My ex-boyfriend is threatening to subpoena me so I can testify on his behalf in his divorce case. During the year we were together (his divorce was in the process the whole time), I witnessed his attempts to contact his ex-wife about the divorce proceedings; she never returned his calls or came to the telephone to speak with him. Apparently, his attempts are an important factor in his case, and as a witness, my testimony would be corroborative. However, I don't particularly like this man anymore. He's treated me badly, upset me greatly, ruined any chance of us remaining friends, and I just don't want to help him. Also, he asked me (while we were together) to lie to his lawyer and say I delivered papers to his wife that I, in fact, did not deliver. I did this for him then because I wanted to help. Now, I don't want to help, and I don't really want to have a judge find out I lied under oath to the lawyer! I asked my ex if he really wanted to chance the fact that his wife's lawyer doesn't know about my lie? If it comes out in court, my testimony won't be worth much anyway, will it? Plus, I just plain DON'T WANT TO DO IT. I'm through with him, don't have the time, and sure don't want to have to back his sorry self up in court. A subpoena is a subpoena, and if I get called, I have to go. Or do I? Is there any way out of this situation, other than threatening him that I'll leak information to the other side (something I've decided I DON'T want to do)? I'm not a monster; I just don't want to be involved any more either with him or his business.

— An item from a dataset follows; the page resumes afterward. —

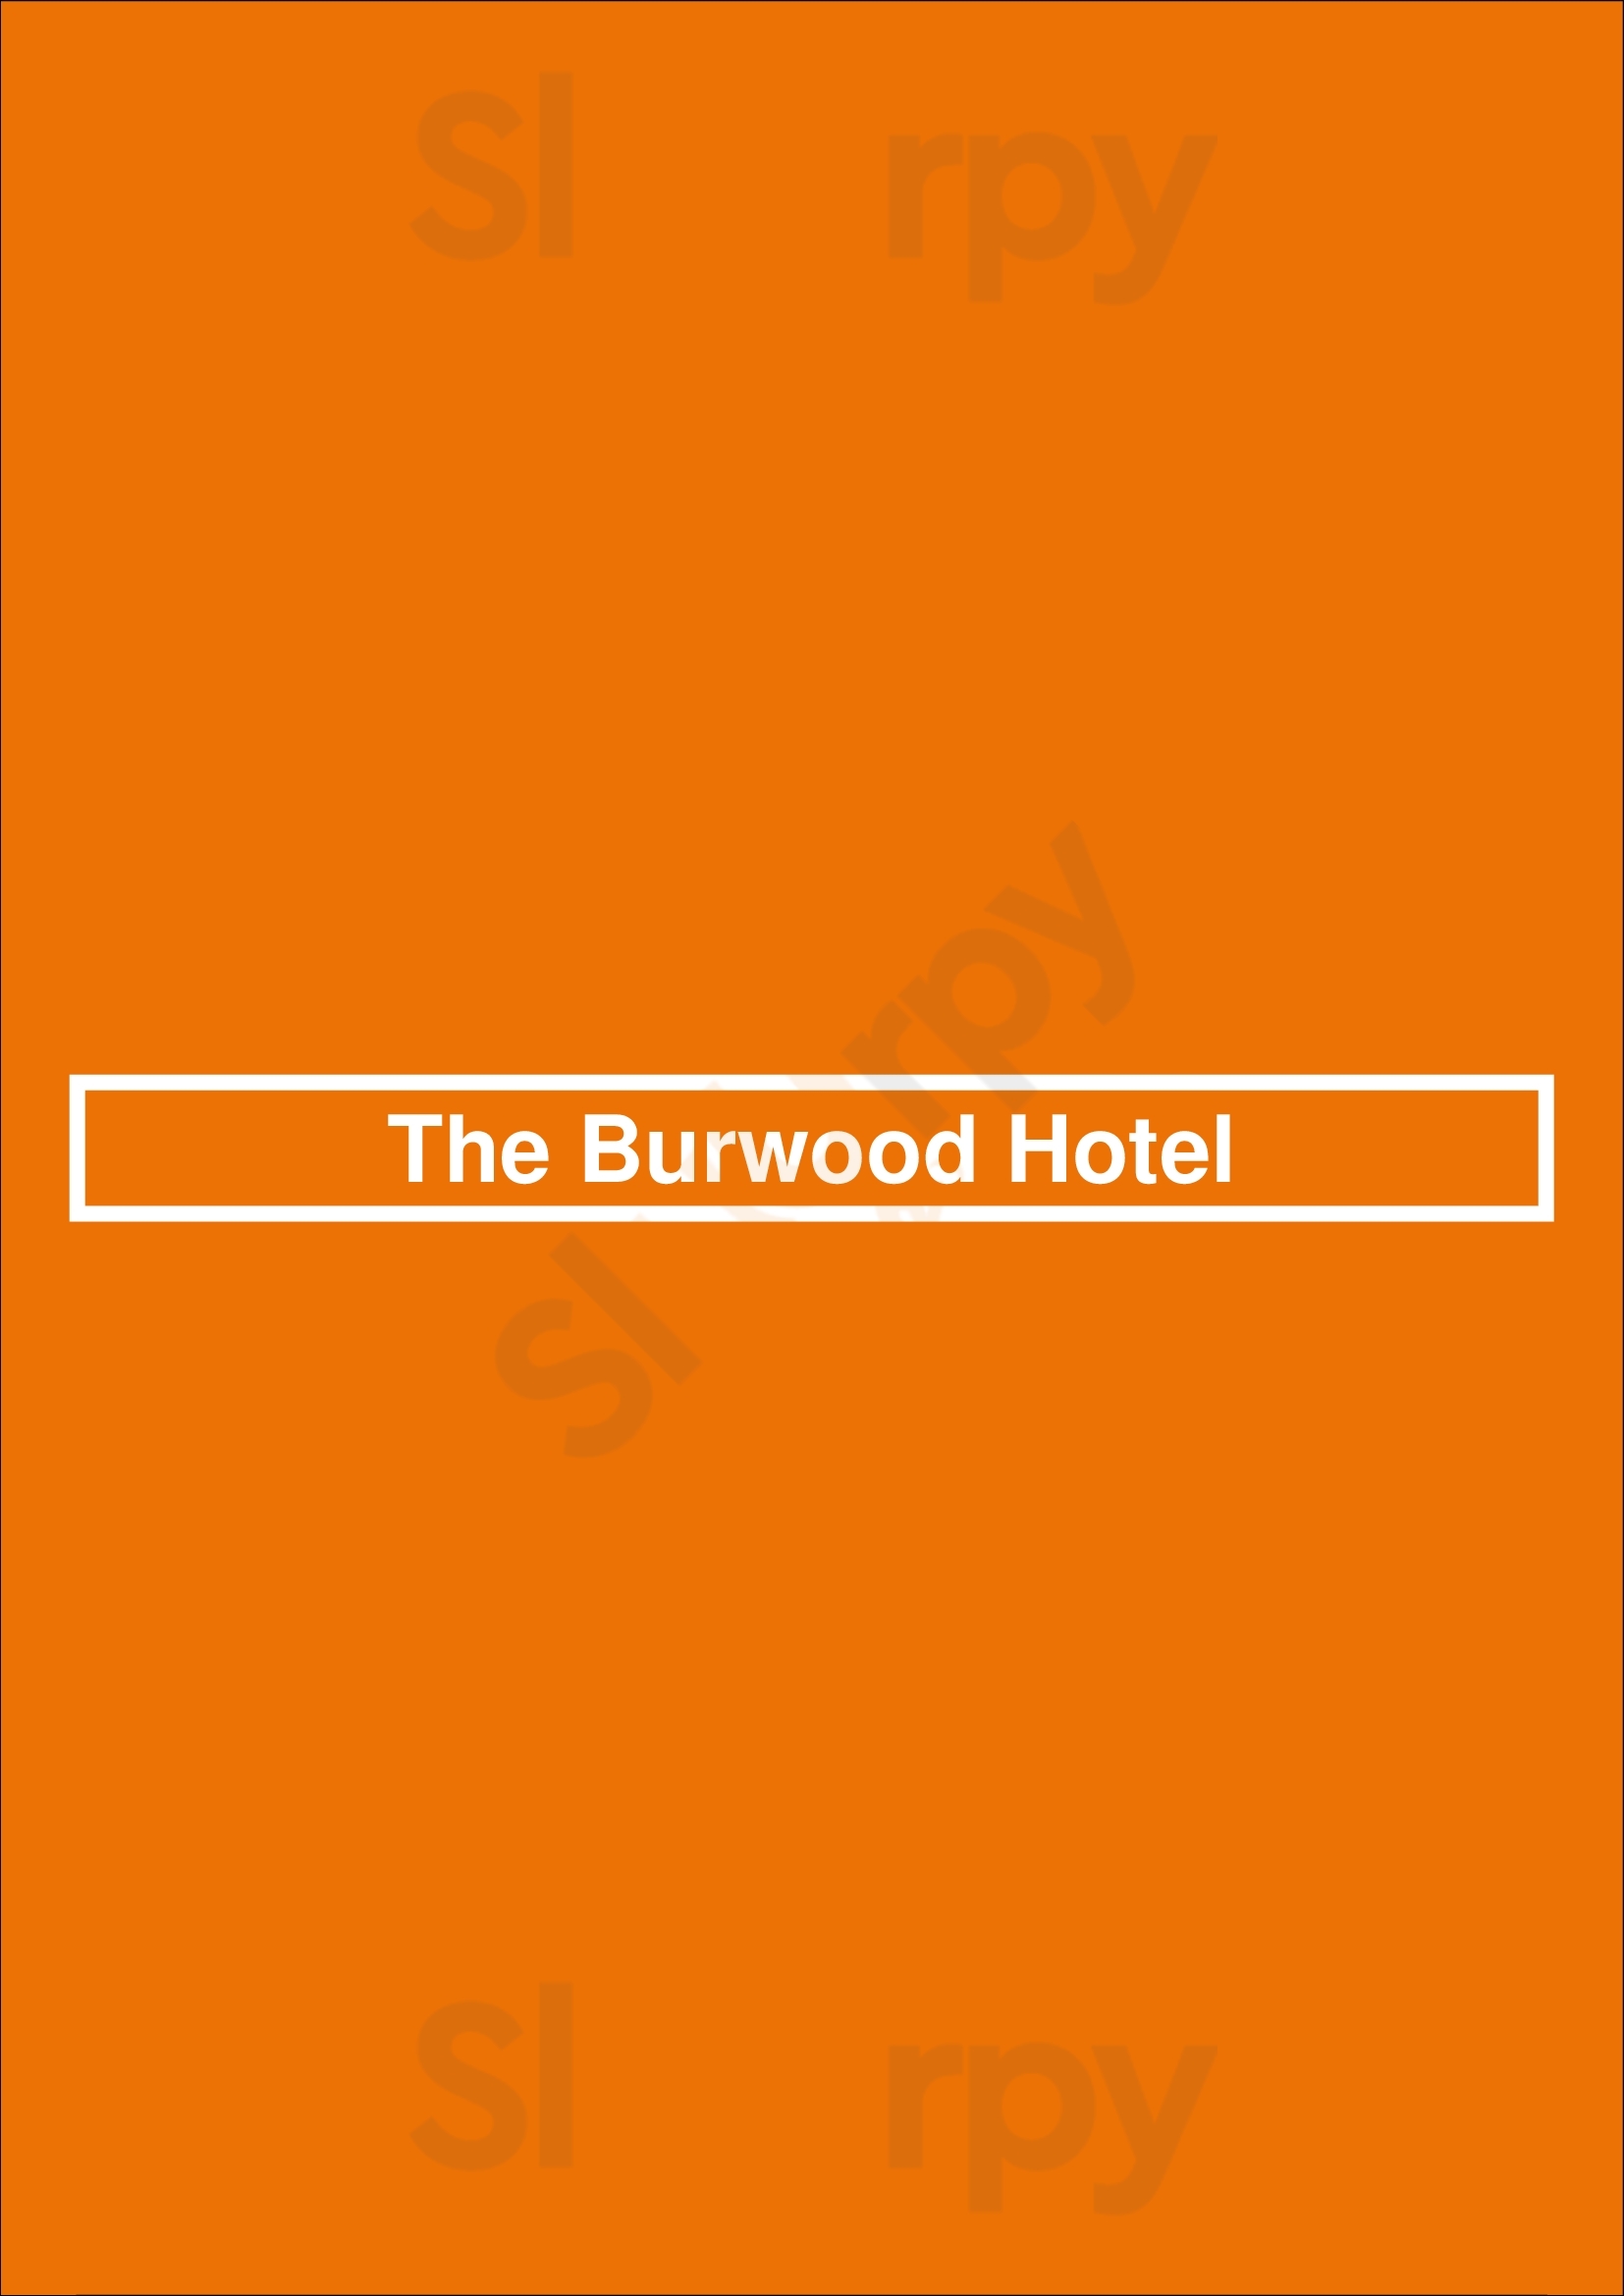 The Burwood Hotel Burwood Menu - 1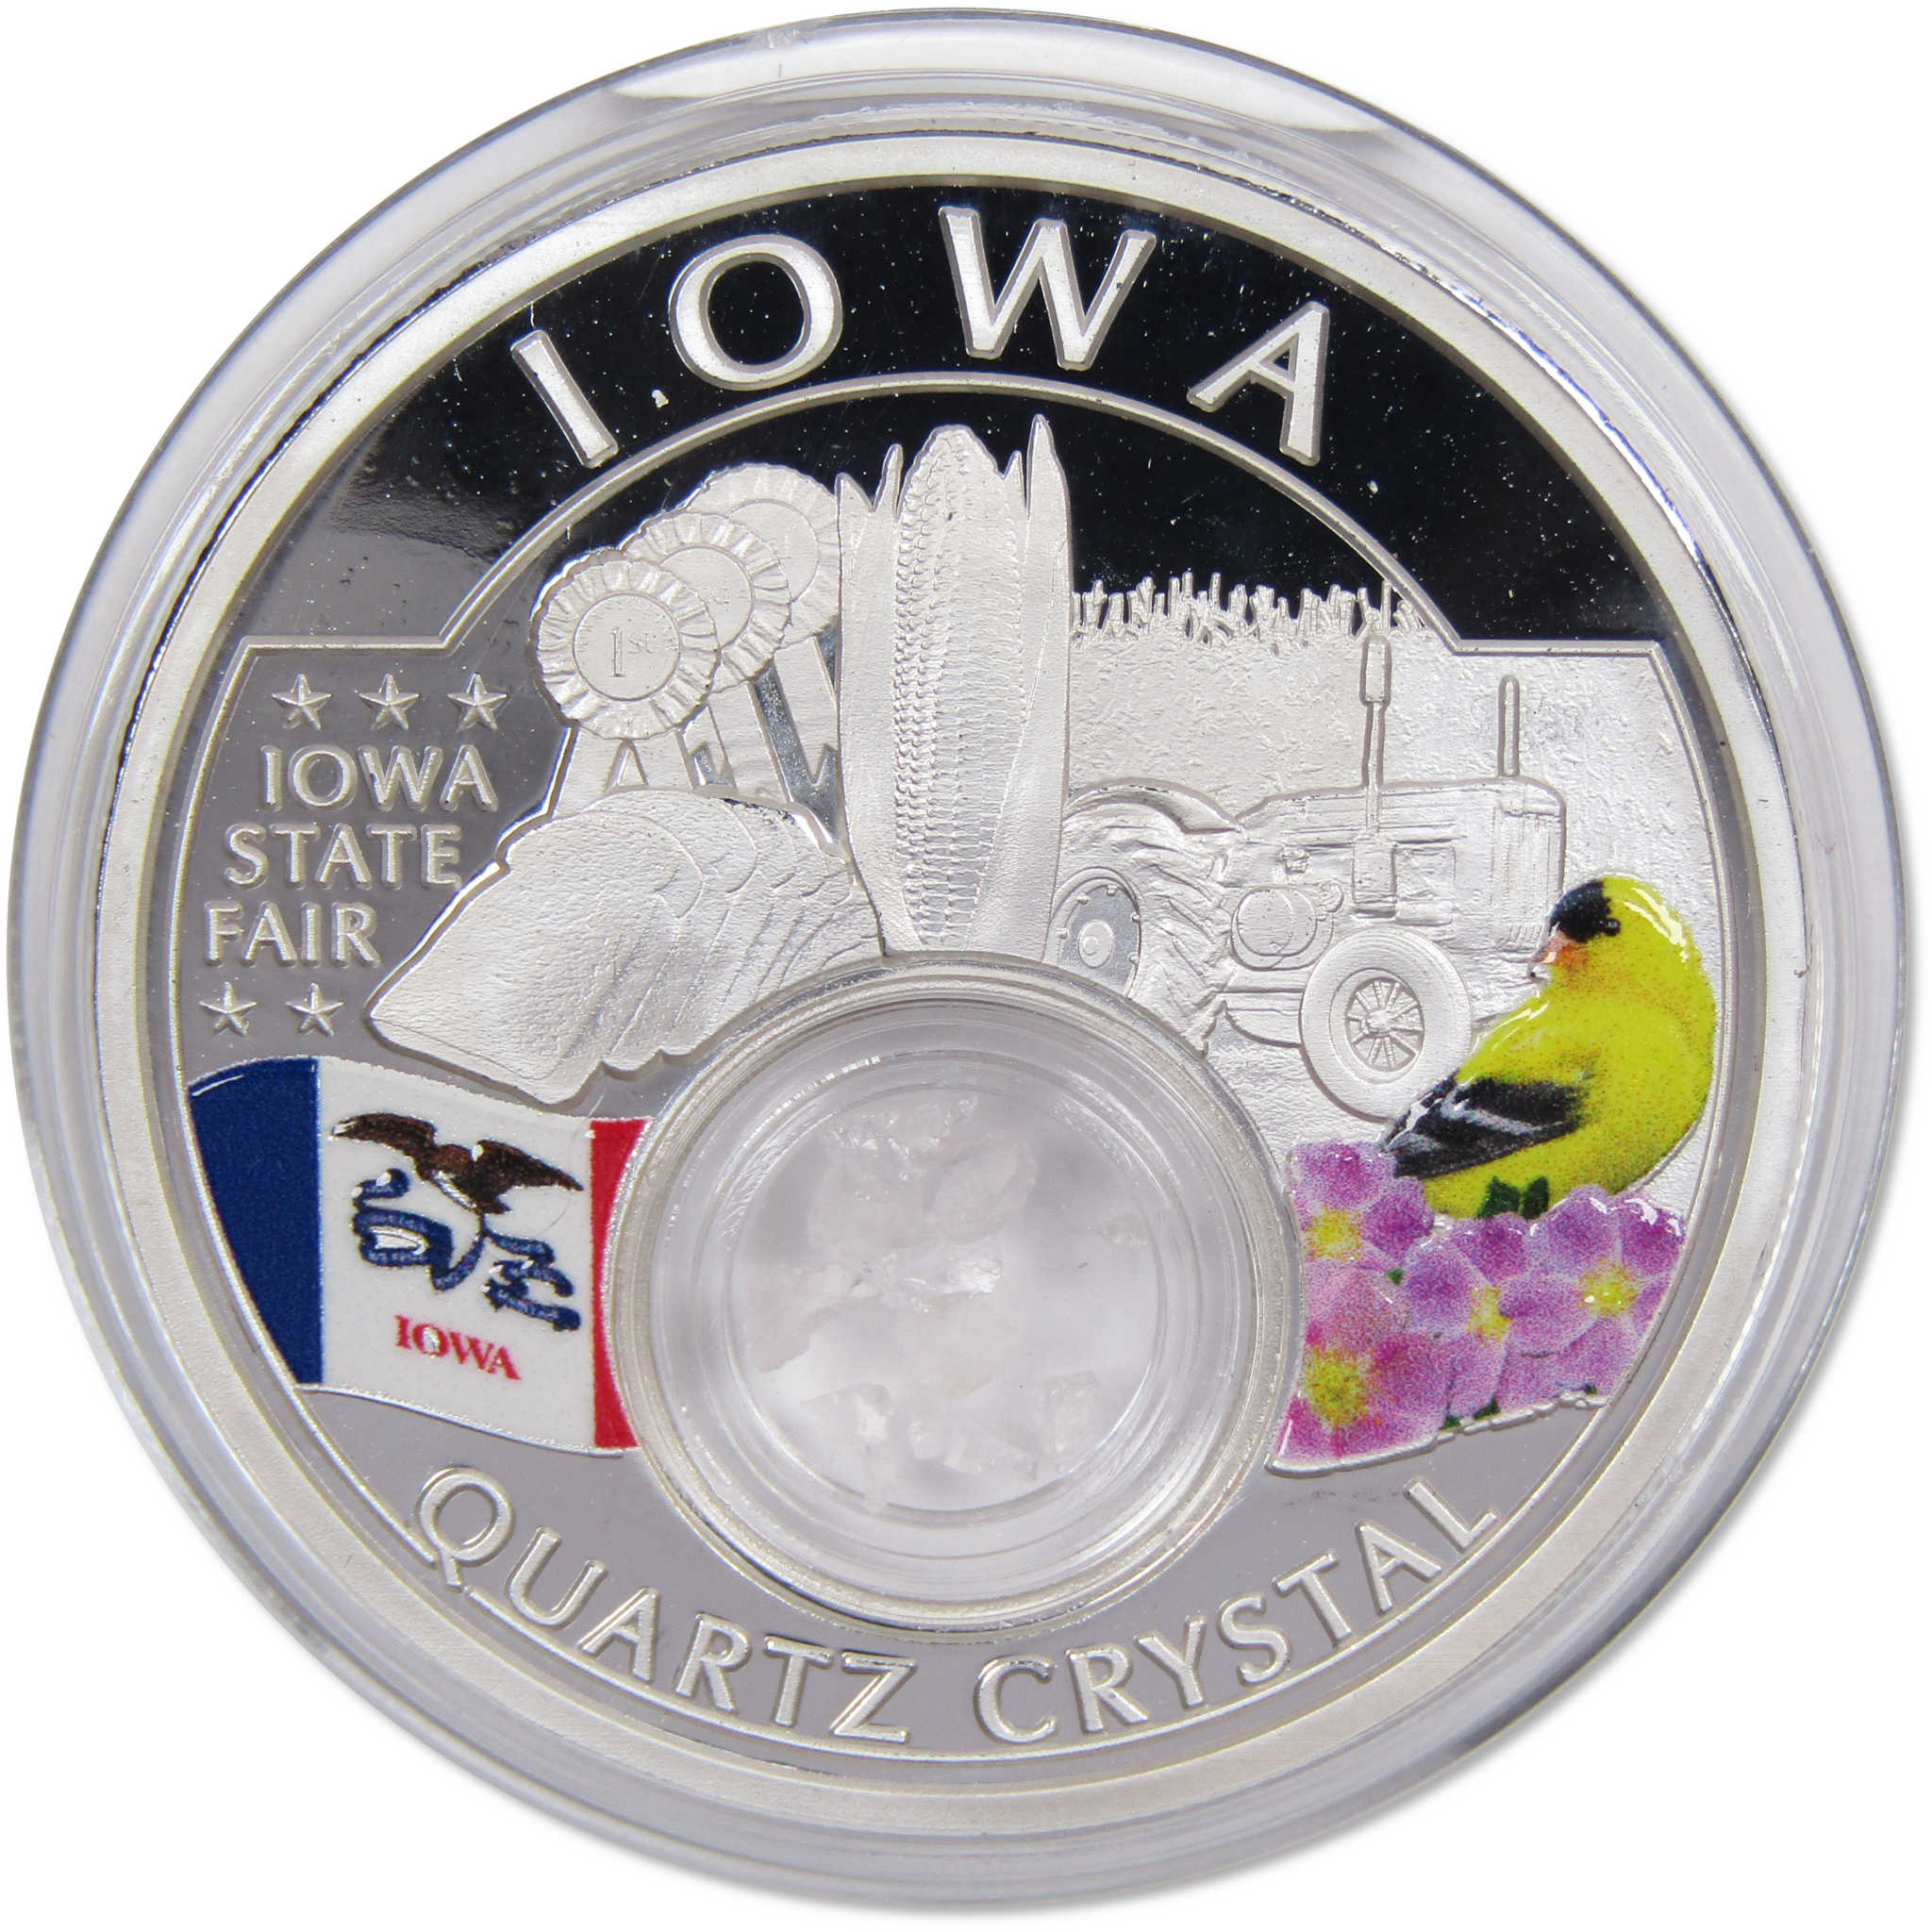 2021 Native American Mesa Grande Iowa Quartz Crystal 1 oz .999 Silver $10 Proof

--Opposed to Being In Court


Dear Opposed,

Please be advised that the Breakup Girl Legal Department has given me the following legal advice: "Do not give her legal advice." Anything I say here is not legal advice, and is not intended to be taken as such.*

That disclaimed, let's take this matter to Breakup Court.

First of all, it's not clear what, if any, statements you might have made to a lawyer while actually "under oath." Not all statements are sworn. Then again -- whether or not you asked God to "so help" you first -- not all lies to lawyers intended to "help" someone are an excellent idea. But no matter what really happened, let me keep this vague and simply agree that your testimony is hardly likely to help him. You might remind him of -- not threaten him with -- this again. And you might remind yourself for next time of this IMPORTANT BREAKUP GIRL MAXIM: people ending marriages do not speak any sort of consistent, meaningful language to the people they're seeing while they're doing so. Nefarious or not, they just don't. Their story changes constantly, and so, thus, does your role in it. I don't mean to berate you after the fact, nor to imply that the subpoena is some sort of punishment. But this being-asked-to-lie thing -- and doing it -- well, it "goes to character." Don't let this stand as precedent. Next time, please be more than an accessory.

Love,
Breakup Girl

* Except maybe this: if you sense a subpoena -- or, eek, a perjury charge -- looming, you really should hire a lawyer yourself. And tell her the truth.